Звали попа Мелетий. Он очень старался быть добрым. Только это плохо удавалось ему, потому что он был очень обидчивый. Заведет тихим голосом сладковатую беседу о том, что все мы должны нежно любить и друзей и врагов, и вдруг позеленеет от злости:
– Как вы смеете смеяться надо мной! Бондарчук, почему ты хихикаешь?
– Батюшка, я не хихикаю!
– Нет, ты хи-хи-каешь! Все вы там сзади хи-хи-каете! Вот Лобода не хи-хи-кает! Зуев не хи-хи-кает! Косяков не хи-хи-кает! А вы хихикаете! Почему вы хи-хи-каете?
– Батюшка, мы не хихикаем!
На уроках он всегда был какой-то рассеянный. Соберет всю бороду в кулак, уставится в одну точку и повторяет мечтательно:
– Да-да-да-да-да!
Отвечаешь ему урок, а он смотрит сквозь тебя куда-то вдаль и говорит невпопад, поддакивая своим собственным мыслям:
– Да-да-да!
Однажды вздумалось мне сосчитать, сколько раз в течение урока он произносит это слово. Я стал записывать пальцем на парте, всякий раз макая палец в рот:
«30… 40… 48… 53… 60…»
Моим соседом был Гришка Зуев. В первые минуты он равнодушно глядел на мои вычисления, но в классе стояла такая скучища, что надо же было заняться хоть каким-нибудь делом. И вот, поплевав на палец, Зуев тоже начинает исписывать цифрами свою половину парты.
Понемногу мы оба приходим в азарт.
Всякий раз, когда замечтавшийся поп произносит свое «да-да-да», мы, торжествуя, стираем ладонями предыдущую цифру и быстро пишем новую. Каждое свежее «да» радует нас, как выигрыш.
Но вскоре я с негодованием замечаю, что Зуев начинает мошенничать. Вместо 211 он ставит 290, а потом сейчас же 320. Его мошенничество возмущает меня. В гневе я вторгаюсь в его территорию, стираю фальшивую цифру и ставлю верную: 212.

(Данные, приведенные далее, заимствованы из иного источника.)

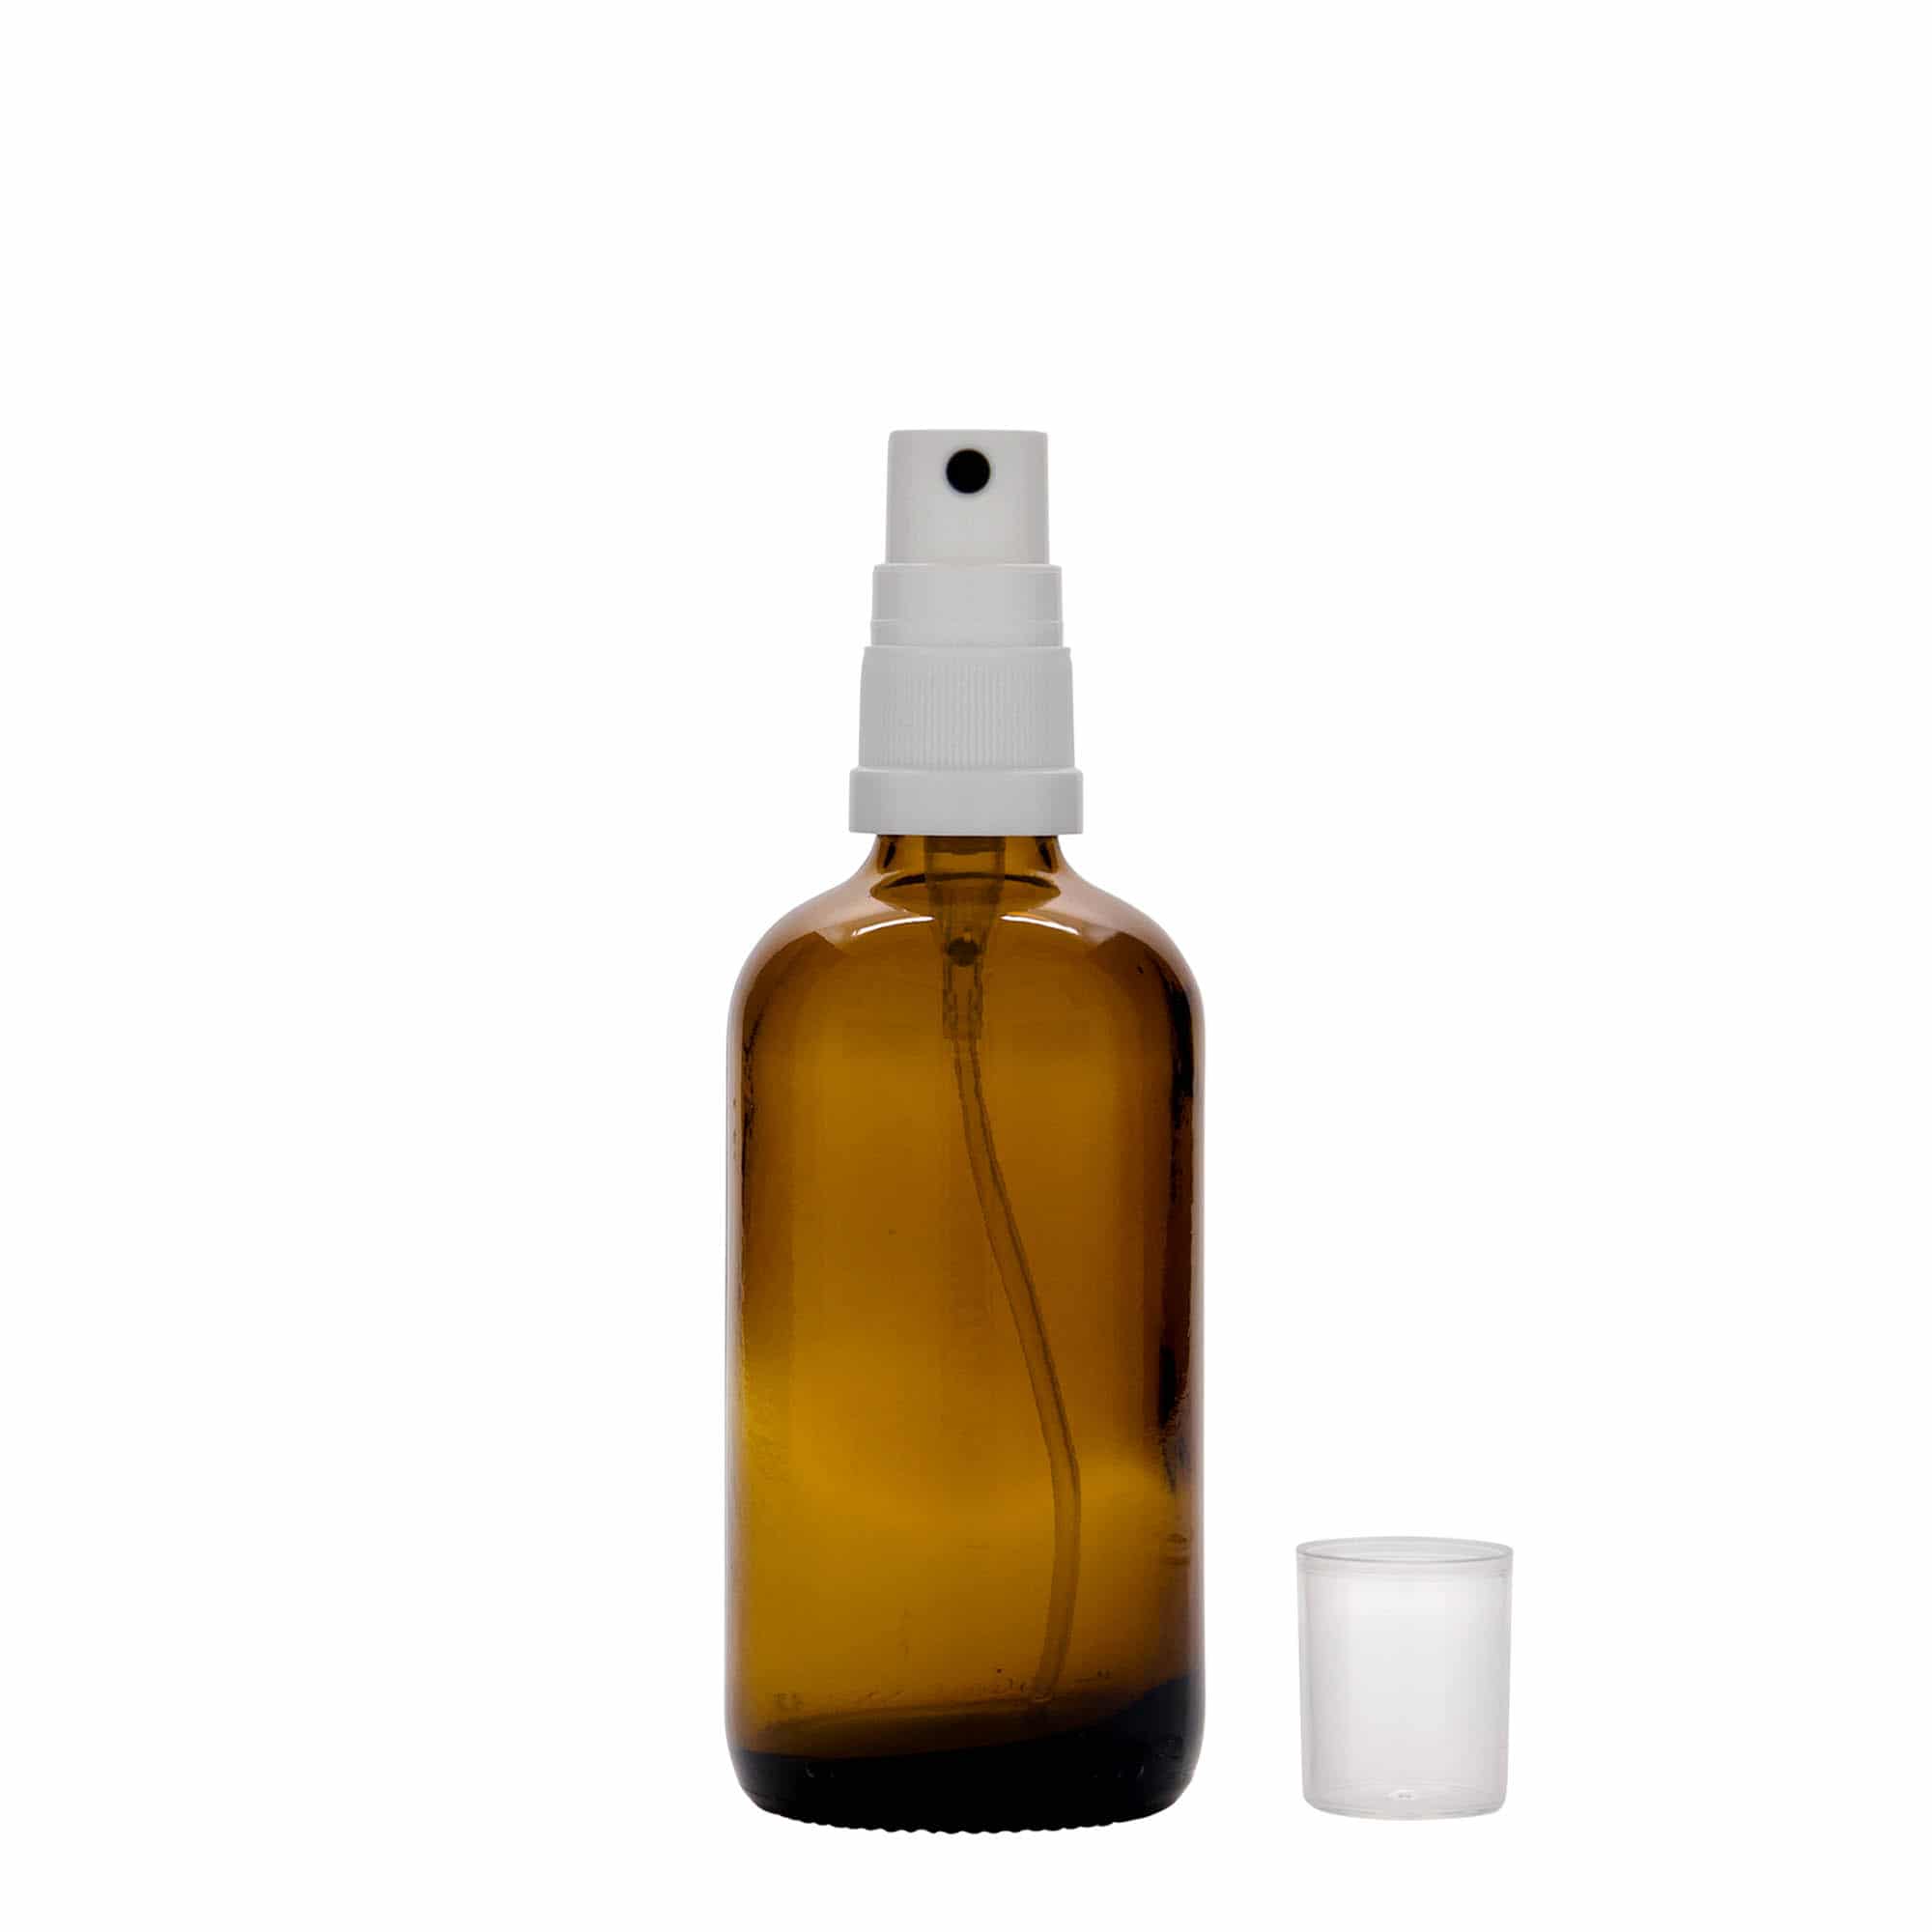 100 ml Flacone spray farmaceutico, vetro, marrone, imboccatura: DIN 18

Зуев чувствует себя жестоко обиженным. Он сопит, округляет глаза, и его щекастое лицо наливается кровью.
Вдруг, словно с неба, к нам доносится голос Мелетия:
– Зуев… И ты… Как тебя? Ну-кася, повторите, о чем я сейчас говорил.
Странное дело: нельзя сказать, что мы слушали этот урок невнимательно. Напротив. Для того чтобы не пропустить ни одного «да-да-да», мы должны были жадно вслушиваться в каждое слово Мелетия. Но, кроме «да-да-да», мы, оказывается, ничего не слыхали.
Потому что рыбак ловит сетями не воду, а рыбу.
Мы стояли растерянные и бормотали несвязное. Зуеву повезло: его большая круглая, как арбуз, голова была от природы такая тяжелая, что в иные минуты не могла удержаться на шее и свисала то вправо, то влево. Это придавало ему вид удрученного грешника, переживающего муки раскаяния.
Попу Мелетию его покаянная поза понравилась: поп Мелетий любил плачущих, покорных, униженных. Он прищурил глазок и залюбовался тоскующим Зуевым, как художник картиной. И благосклонно произнес:
– Да-да-да!
– Четыреста двенадцать, – еле слышно сказал мне Зуев, сохраняя ту же лицемерную позу страдальца, плачущего о своих прегрешениях.
– Врешь! – возразил я запальчиво. – Не четыреста двенадцать, а двести четырнадцать!
Голос у меня был визгливый, и мое «врешь» прозвучало как выстрел.
Мелетий взлохматил бороду.
– Сейчас же ступай к доске, – сказал он, – и объяви всему классу о причинах твоего неблагопристойного вопля.
И прибавил внушительно:
– Да!
Это новое «да» особенно рассмешило меня.
– Хи-хи-каешь! – рассердился Мелетий. – Радуешься, что мерзким своим поведением развращаешь благочестивого Григория Зуева!
Тут уж засмеялся весь класс. «Благочестивый» Зуев был отъявленный сквернослов и ругатель.
Желая показать отцу Мелетию, что я вовсе не так плох, как он думает, что у меня и в помыслах не было развращать «благочестивого» Гришку Зуева, я решил открыть ему всю правду.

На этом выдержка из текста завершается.